### MATERIAL PROVIDED:

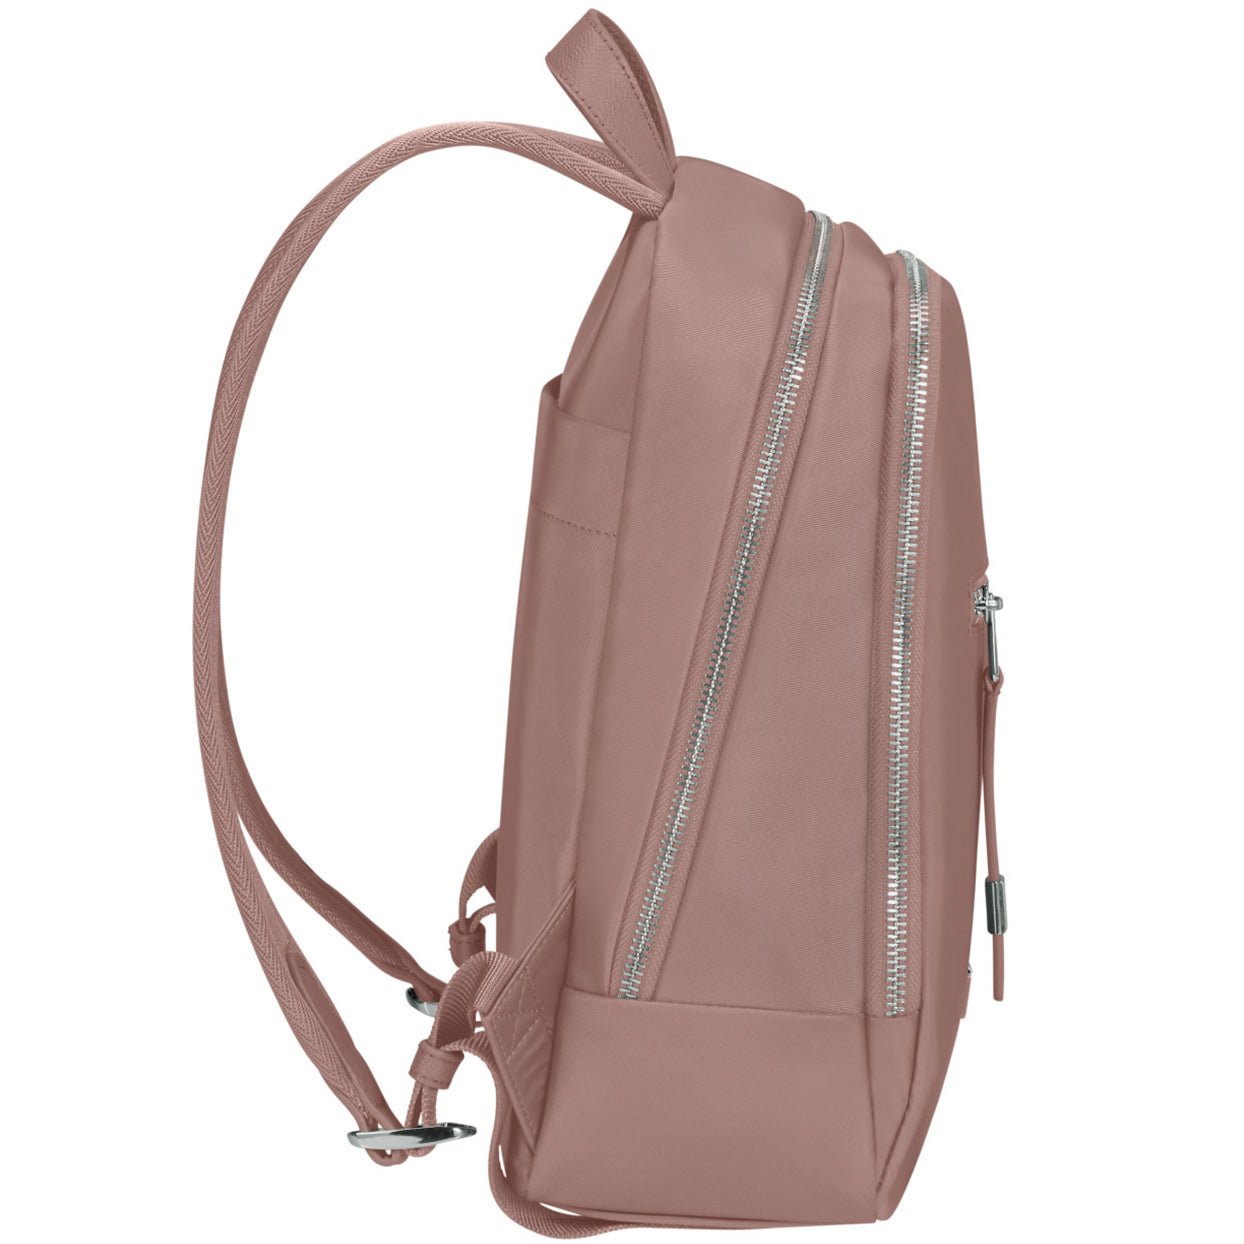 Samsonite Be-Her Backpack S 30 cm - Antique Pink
--
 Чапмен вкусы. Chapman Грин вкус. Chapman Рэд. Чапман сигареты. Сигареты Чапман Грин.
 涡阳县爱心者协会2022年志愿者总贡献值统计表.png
...
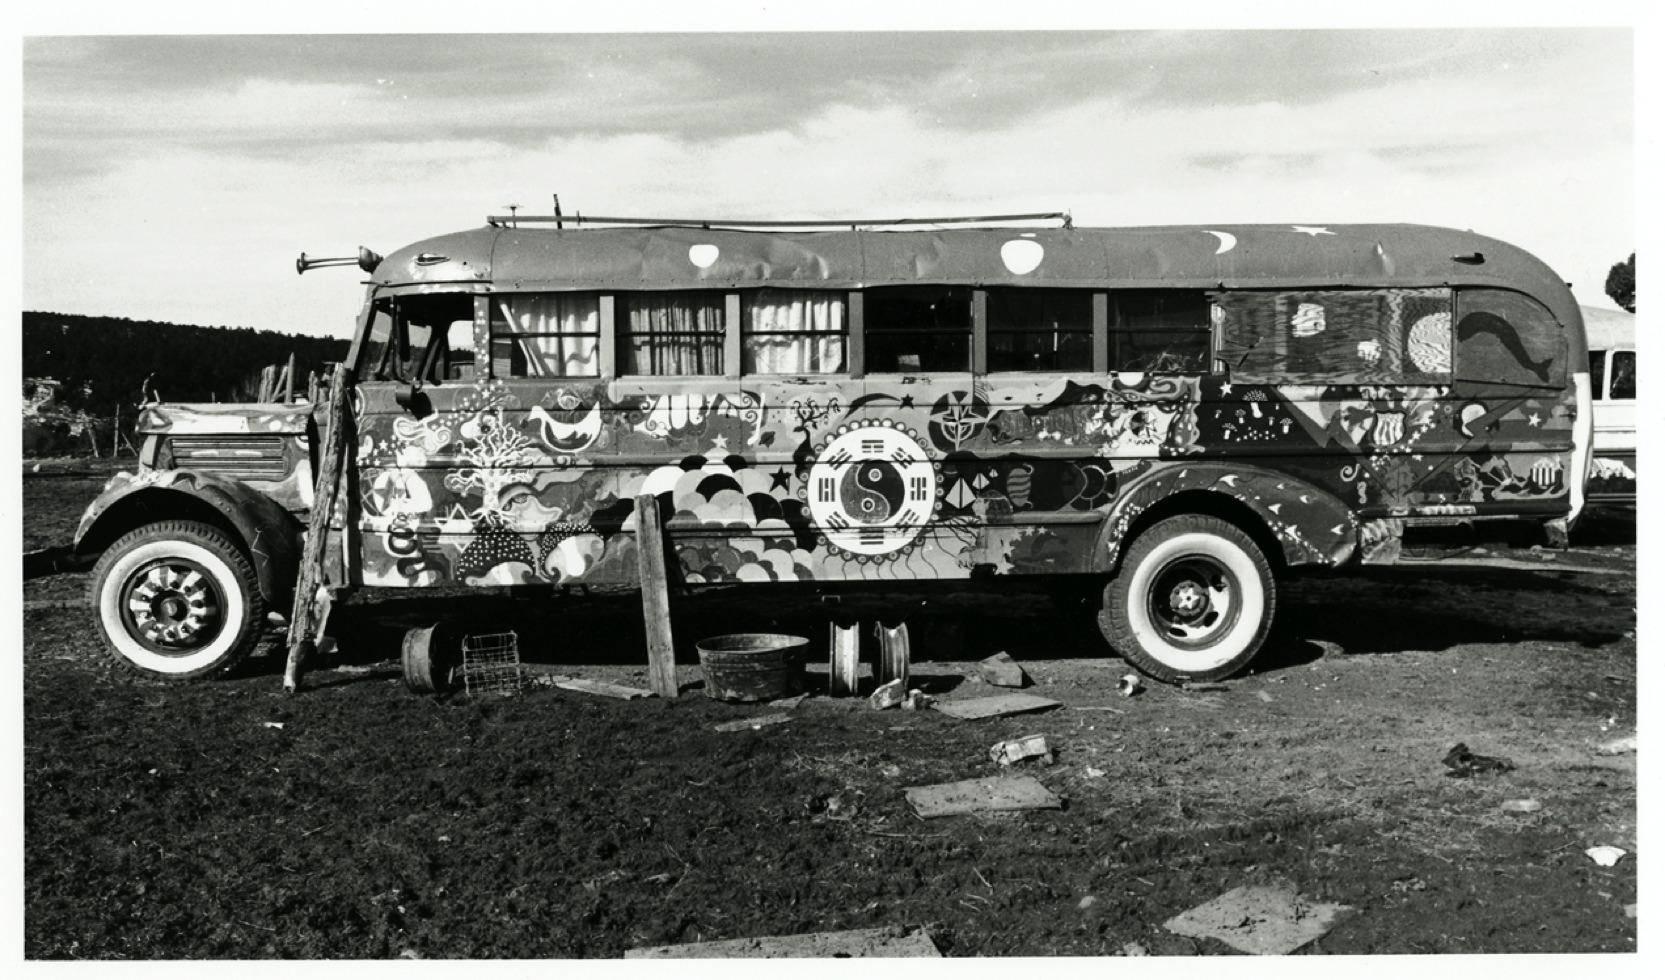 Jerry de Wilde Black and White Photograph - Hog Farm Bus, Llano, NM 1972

### WORK INSTRUCTIONS:
Would you please write out, exactly and with no other lines, the stretch of the listing above from the line containing "Чапмен вкусы. Chapman" through the line containing "涡阳县爱心者协会2022年志愿者总贡献值统计表.png"?

### TASK ANSWER:
 Чапмен вкусы. Chapman Грин вкус. Chapman Рэд. Чапман сигареты. Сигареты Чапман Грин.
 涡阳县爱心者协会2022年志愿者总贡献值统计表.png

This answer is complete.